«È stata approvata con un mese di ritardo la relazione di Renzi in direzione». L’ironia del bersaniano Nico Stumpo affonda il documento della commissione Pd sull’Italicum appena qualche minuto dopo la pubblicazione. Ad approvare Renzi, è il sottotesto, è adesso Gianni Cuperlo, che in quella direzione non votò la relazione, ma ieri ha conclusivamente concesso la sua firma. I bersaniani restano contrari e non solo con l’ironia: «È una presa in giro», aggiunge Stumpo. Mentre il frontman della minoranza interna Roberto Speranza dà fondo agli aggettivi: «È una traccia di intenti fumosa, generica, ambigua».

Cuperlo firma, e lo fa in tempo perché l’annuncio possa essere dato alla Leopolda. E mentre le donne e gli uomini del segretario festeggiano la «bella giornata per il Pd», il triestino spiega le sue angustie in un tormentato documento. Ma resta solo. Ha un bel dire il colonnello renziano Rosato che «per noi l’accordo coinvolge tutto il Pd perché Cuperlo è venuto in commissione designato da tutta la minoranza»: Bersani lo aveva mollato immediatamente. Ed è già in campagna per il No al referendum. Cuperlo invece si dispone a votare Sì, anche se ancora non lo dice chiaramente, in attesa di riunire la sua corrente (non enorme, e già orientata al Sì): «Mi sono assunto una responsabilità attraversato dai dubbi e dalle domande… ne rispondo in primo luogo a quanti hanno condiviso con me questo percorso che incontrerò nei prossimi giorni». La sua firma serve soprattutto a Renzi, la userà per dimostrare l’irresponsabilità di Bersani. Anche l’ex segretario è avviato sulla strada di D’Alema, già spernacchiato in piazza del Popolo e ieri esposto in video alla Leopolda al ludibrio dei leopoldini.

Il documento della commissione interna al Pd parte con una resa: «La maggioranza dei gruppi parlamentari e tutte le opposizioni sono indisponibili a una verifica parlamentare prima del 4 dicembre». Quindi è ufficiale (oltre che matematico, visto il calendario): non si fa niente prima del referendum. E non per colpa mia, dice Renzi, che pure ha imposto l’Italicum con la fiducia a metà 2015, l’ha tenuto sul tavolo come una pistola carica fino a dieci giorni fa, e adesso spiega che non c’è tempo per cambiarlo

Eppure quello che viene concesso a Cuperlo non è poco: è tutto. Nel documento firmato dai dirigenti Pd non c’è niente di definito, lascia aperto praticamente qualsiasi sistema elettorale. «La preferenza», scrivono, è «per un sistema di collegi inteso come il più adatto a ricostruire un rapporto di fiducia tra eletti ed elettori». Collegi può significare qualcosa come il Mattarellum (collegio uninominale maggioritario) ma anche come il vecchio sistema del senato prima del ’93 (collegi con il proporzionale).
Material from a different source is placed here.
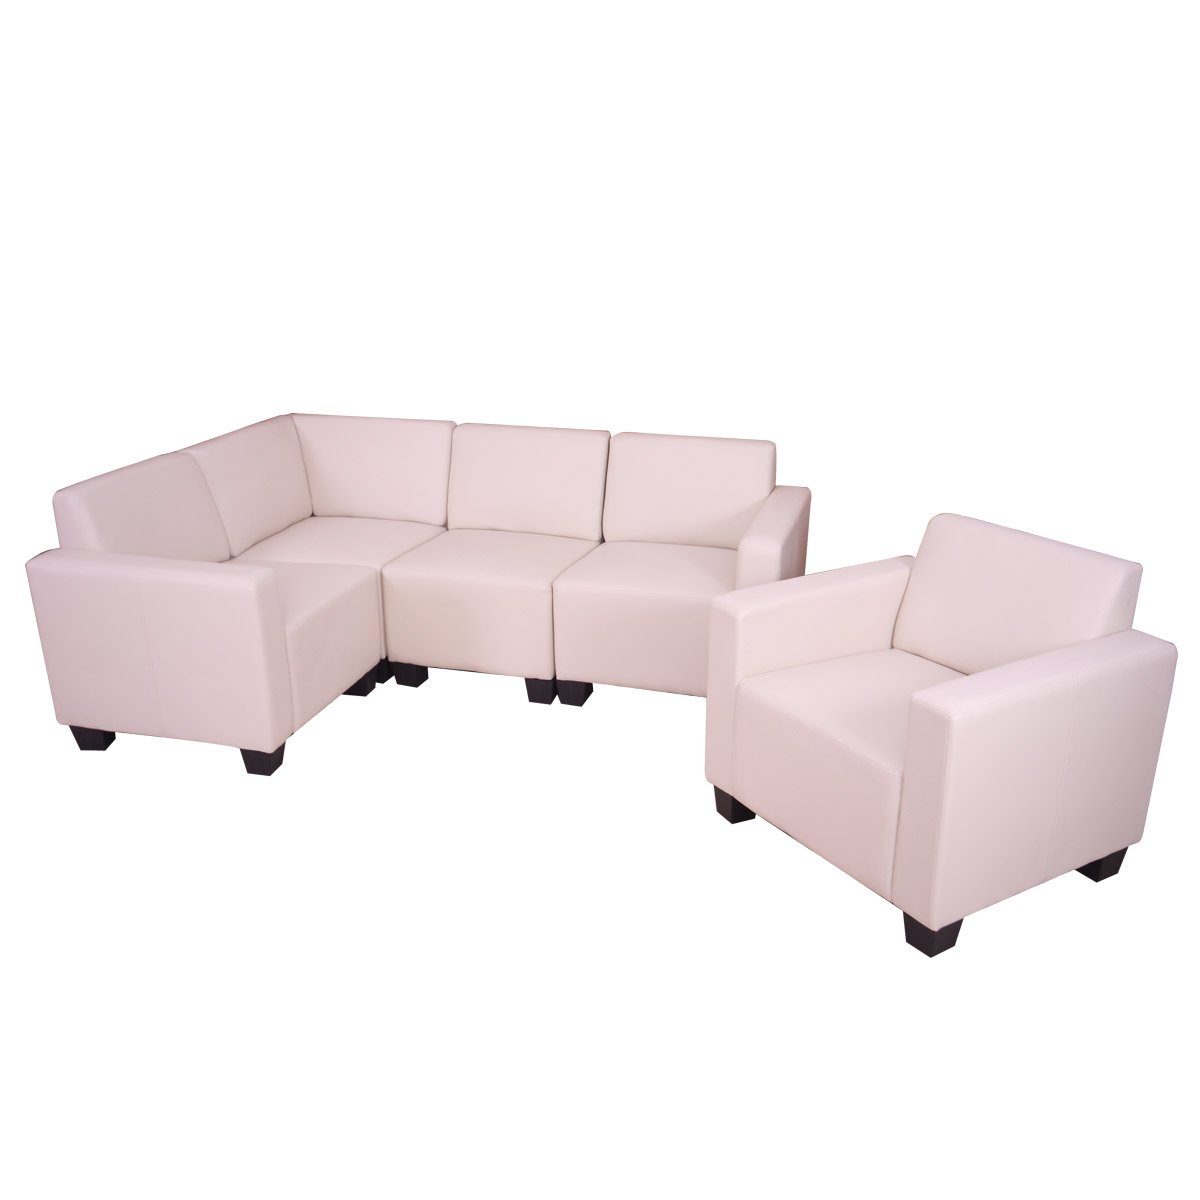 Sofa Modular LYON en 4 piezas + 1 Sofa individual, Gran acolchado, tapizado en piel color crema

Si parla poi di «superamento» del ballottaggio, mantenendo una «chiara indicazione su chi avrà la responsabilità di governare». E allora resta il premio, assegnandolo al primo turno. Ma premio alla lista (come nell’Italicum) o alla coalizione (come chiedeva la minoranza Pd)? Il documento non lo dice, lasciando libertà di interpretazione. Eppure, se fosse un premio alla coalizione, rovescerebbe gli ultimi tre anni di politica renziana: la coalizione attorno al Pd non c’è più (non contando Alfano). Se fosse invece un premio alla lista, tornerebbe a essere quel premio illimitato, potenzialmente enorme, bocciato dalla Corte costituzionale con il Porcellum. Il documento – «dettagliato e chiaro» secondo Orfini – lascia aperte tutte le strade.

Ammesso che poi qualcuno avrà voglia di percorrerle. Perché la commissione Pd affida il documento alla direzione del partito perché lo approvi (lo chiedeva Cuperlo) ma rinvia per i testi di legge a dopo il referendum. Per quanto Renzi sembri convinto della necessità di cambiare un po’ l’Italicum di fronte alla tenuta del M5S nei sondaggi, se dovesse vincere il referendum potrà farlo a suo piacimento, riempiendo i tanti spazi che il documento lascia in bianco.

«È un documento utile per la propaganda ma assolutamente inefficace per il referendum», sintetizza il senatore bersaniano Fornaro. Malgrado nel testo si accolga la sua proposta (e di altri 24 Pd) come testo base per la legge elettorale dei senatori. Anche in questo caso, però, se ne riparlerà il 5 dicembre.